Tax credits for renovation

Proposal would help developers who revitalize historic buildings

March 03, 2009|By Lorraine Mirabella | Lorraine Mirabella,lorraine.mirabella@baltsun.com

Economic development advocates and preservationists are backing a plan to offer up to $100 million in state tax credits over five years to developers who rehabilitate historic buildings, saying the financial benefits will outweigh the cost to the state.

The proposal by Gov. Martin O'Malley, to be considered by legislative committees in Annapolis this week, would extend and revamp the state's existing historic tax credit program. Advocates say the proposal would reverse changes to the program made in 2003, which discouraged developers from applying because it was unclear how much money was available for a project.
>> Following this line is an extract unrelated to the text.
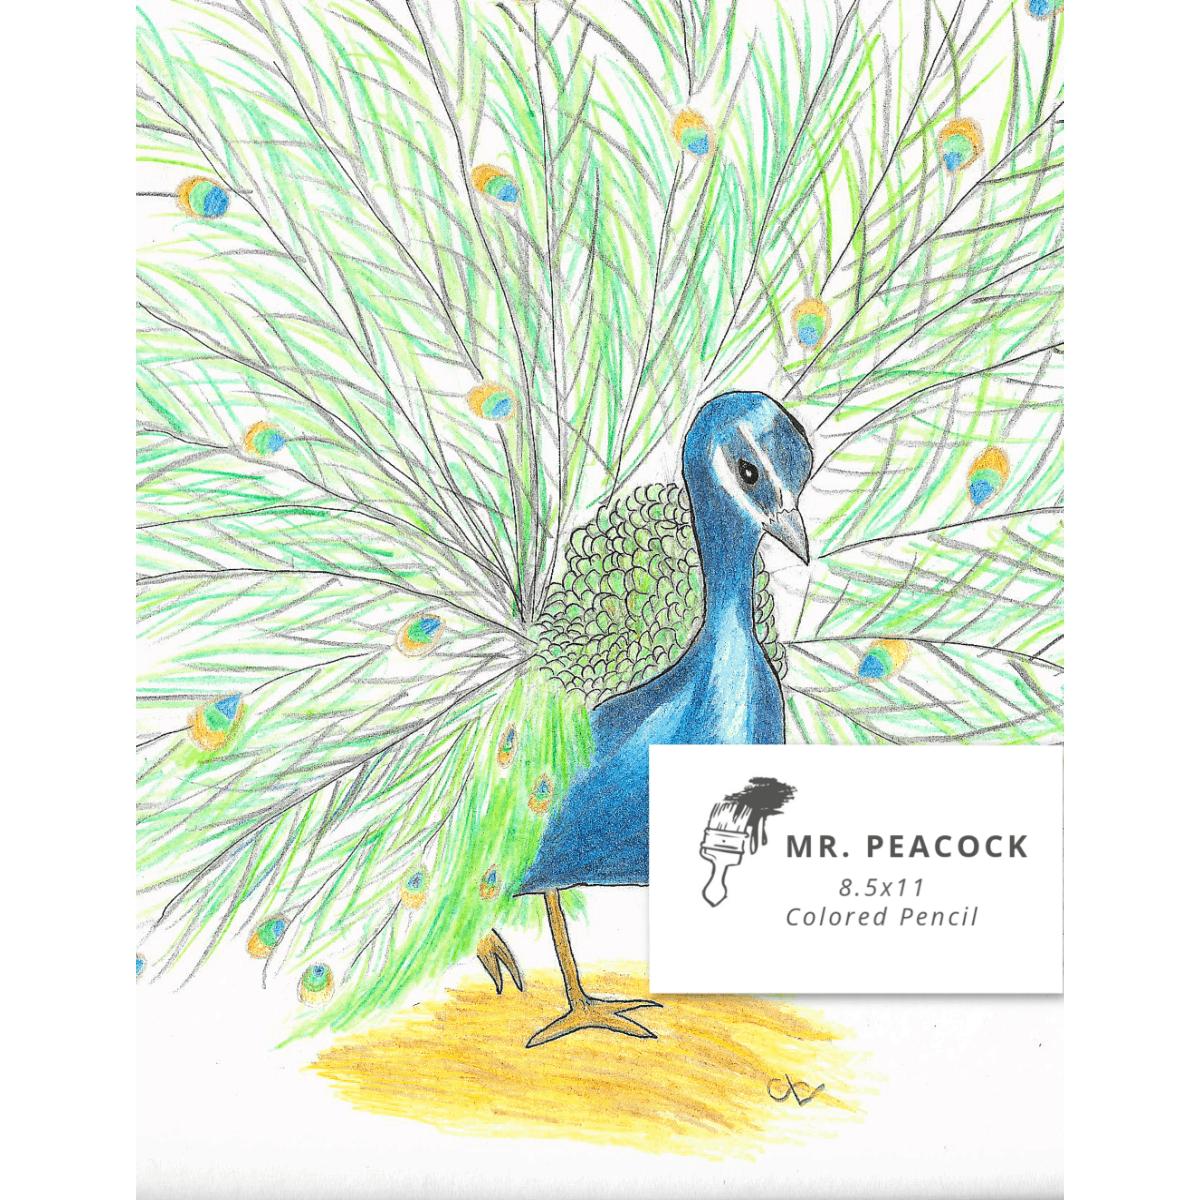 8.5x11 Mr. Peacock

Proponents say the tax incentive, offered for commercial and residential projects for up to 20 percent of its cost, had been one of the most effective of its type in the nation. It began in 1997 and spurred economic development and revitalization of communities in Baltimore, Annapolis and small towns across the state.

"These are often the projects that, but for the tax credit, even in good economic times, the project would not have been completed," said Donald C. Fry, president of the Greater Baltimore Committee.

Tax credits have helped leverage private-sector investment in the redevelopment of more than 2,600 residential and 550 commercial properties. Some of the better-known projects include the Tide Point office complex in Locust Point, a former soap factory; Montgomery Park, the former Montgomery Ward catalog warehouse that is now among Baltimore's biggest office buildings; and the American Can Company office and retail complex in Canton.

"The tax credit has been the most powerful tool for rehabilitation of historic properties in Maryland," said Tyler Gearhart, executive director of Preservation Maryland.

But because it is uncertain whether and how much will be funded each year, his group says, developers of larger projects are moving work to other states.

State bills to reauthorize the tax-incentive program, which expires in July 2010, would return the program to more of a pure tax credit and add a bonus for "green" buildings. The tax credits now function as an annual grant program.

Under the proposal, the tax credits would be available through a five-year authorization rather than an annual appropriation in the state budget, a change designed to give developers a better sense of how much money a project could receive. The state allocated $25 million in fiscal year 2008 and $14.7 million in fiscal 2009.

Developers can claim the income-tax credit for buildings that are classified as historic once they complete a project. The cost to the state would be up to $100 million in income-tax revenue, an impact the state would likely not see until 2011 or 2012.

In 2004, state lawmakers approved changes to cut costs and prevent Baltimore from taking the majority of credits while allowing other areas to better compete.

The Greater Baltimore Committee estimates that the credit has yielded more than $3 in economic impact for every dollar in tax incentives, as well as jobs and transformation of older neighborhoods. In the past eight years, 145 projects in Baltimore used the tax credit for commercial rehabilitation - slightly more than 60 percent of statewide commercial projects during that period. Those projects leveraged $22.5 million in tax credits into $113 million in private investment for city buildings, according to state data provided by the GBC.